About this exercise -
What lines in the records below include the word "Stock"? Return each one.

Excerpts from a dataset:
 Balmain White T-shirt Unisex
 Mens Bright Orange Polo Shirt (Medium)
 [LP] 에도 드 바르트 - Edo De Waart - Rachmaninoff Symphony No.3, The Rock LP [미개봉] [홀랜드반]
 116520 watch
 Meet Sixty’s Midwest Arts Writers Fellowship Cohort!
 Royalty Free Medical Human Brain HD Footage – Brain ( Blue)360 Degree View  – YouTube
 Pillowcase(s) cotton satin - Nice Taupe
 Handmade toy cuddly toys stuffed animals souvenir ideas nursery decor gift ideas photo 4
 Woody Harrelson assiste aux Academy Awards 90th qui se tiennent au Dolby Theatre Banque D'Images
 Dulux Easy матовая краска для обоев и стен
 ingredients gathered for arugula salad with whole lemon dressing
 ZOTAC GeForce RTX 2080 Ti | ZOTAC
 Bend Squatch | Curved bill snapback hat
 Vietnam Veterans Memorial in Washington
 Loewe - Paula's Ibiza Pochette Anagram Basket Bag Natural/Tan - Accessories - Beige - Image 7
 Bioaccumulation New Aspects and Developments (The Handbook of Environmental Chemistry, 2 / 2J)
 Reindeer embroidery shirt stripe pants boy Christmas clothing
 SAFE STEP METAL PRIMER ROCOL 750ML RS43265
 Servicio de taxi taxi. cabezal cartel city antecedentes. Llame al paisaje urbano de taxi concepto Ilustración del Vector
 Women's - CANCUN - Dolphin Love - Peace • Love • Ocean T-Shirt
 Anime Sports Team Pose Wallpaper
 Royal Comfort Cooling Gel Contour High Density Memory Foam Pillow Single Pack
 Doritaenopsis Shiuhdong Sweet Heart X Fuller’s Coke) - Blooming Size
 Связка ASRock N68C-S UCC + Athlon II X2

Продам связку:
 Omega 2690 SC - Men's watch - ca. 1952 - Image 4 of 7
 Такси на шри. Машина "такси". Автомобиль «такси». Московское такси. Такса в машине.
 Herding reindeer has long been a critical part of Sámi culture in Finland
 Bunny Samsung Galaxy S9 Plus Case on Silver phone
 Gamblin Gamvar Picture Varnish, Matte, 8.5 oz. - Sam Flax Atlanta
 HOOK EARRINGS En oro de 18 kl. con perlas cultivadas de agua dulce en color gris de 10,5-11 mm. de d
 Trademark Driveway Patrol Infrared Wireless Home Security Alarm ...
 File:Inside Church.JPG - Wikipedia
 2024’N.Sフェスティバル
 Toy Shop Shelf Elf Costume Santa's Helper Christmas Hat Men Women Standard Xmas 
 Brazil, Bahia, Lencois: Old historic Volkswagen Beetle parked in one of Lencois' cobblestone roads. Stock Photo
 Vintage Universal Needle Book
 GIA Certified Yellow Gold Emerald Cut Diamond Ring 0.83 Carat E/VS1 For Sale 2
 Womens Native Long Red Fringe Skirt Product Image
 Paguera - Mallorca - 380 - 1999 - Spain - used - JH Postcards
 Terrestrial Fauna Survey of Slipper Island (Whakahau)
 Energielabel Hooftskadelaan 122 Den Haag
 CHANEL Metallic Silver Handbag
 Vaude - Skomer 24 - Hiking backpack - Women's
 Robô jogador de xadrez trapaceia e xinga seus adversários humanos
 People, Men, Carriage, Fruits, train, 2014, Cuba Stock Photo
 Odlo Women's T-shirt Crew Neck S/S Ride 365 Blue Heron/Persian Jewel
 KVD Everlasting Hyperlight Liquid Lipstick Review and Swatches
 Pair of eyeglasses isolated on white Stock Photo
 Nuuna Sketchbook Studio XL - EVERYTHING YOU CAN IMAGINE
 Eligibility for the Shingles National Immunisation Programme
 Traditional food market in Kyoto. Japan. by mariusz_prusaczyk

Completed exercise -
 Brazil, Bahia, Lencois: Old historic Volkswagen Beetle parked in one of Lencois' cobblestone roads. Stock Photo
 People, Men, Carriage, Fruits, train, 2014, Cuba Stock Photo
 Pair of eyeglasses isolated on white Stock Photo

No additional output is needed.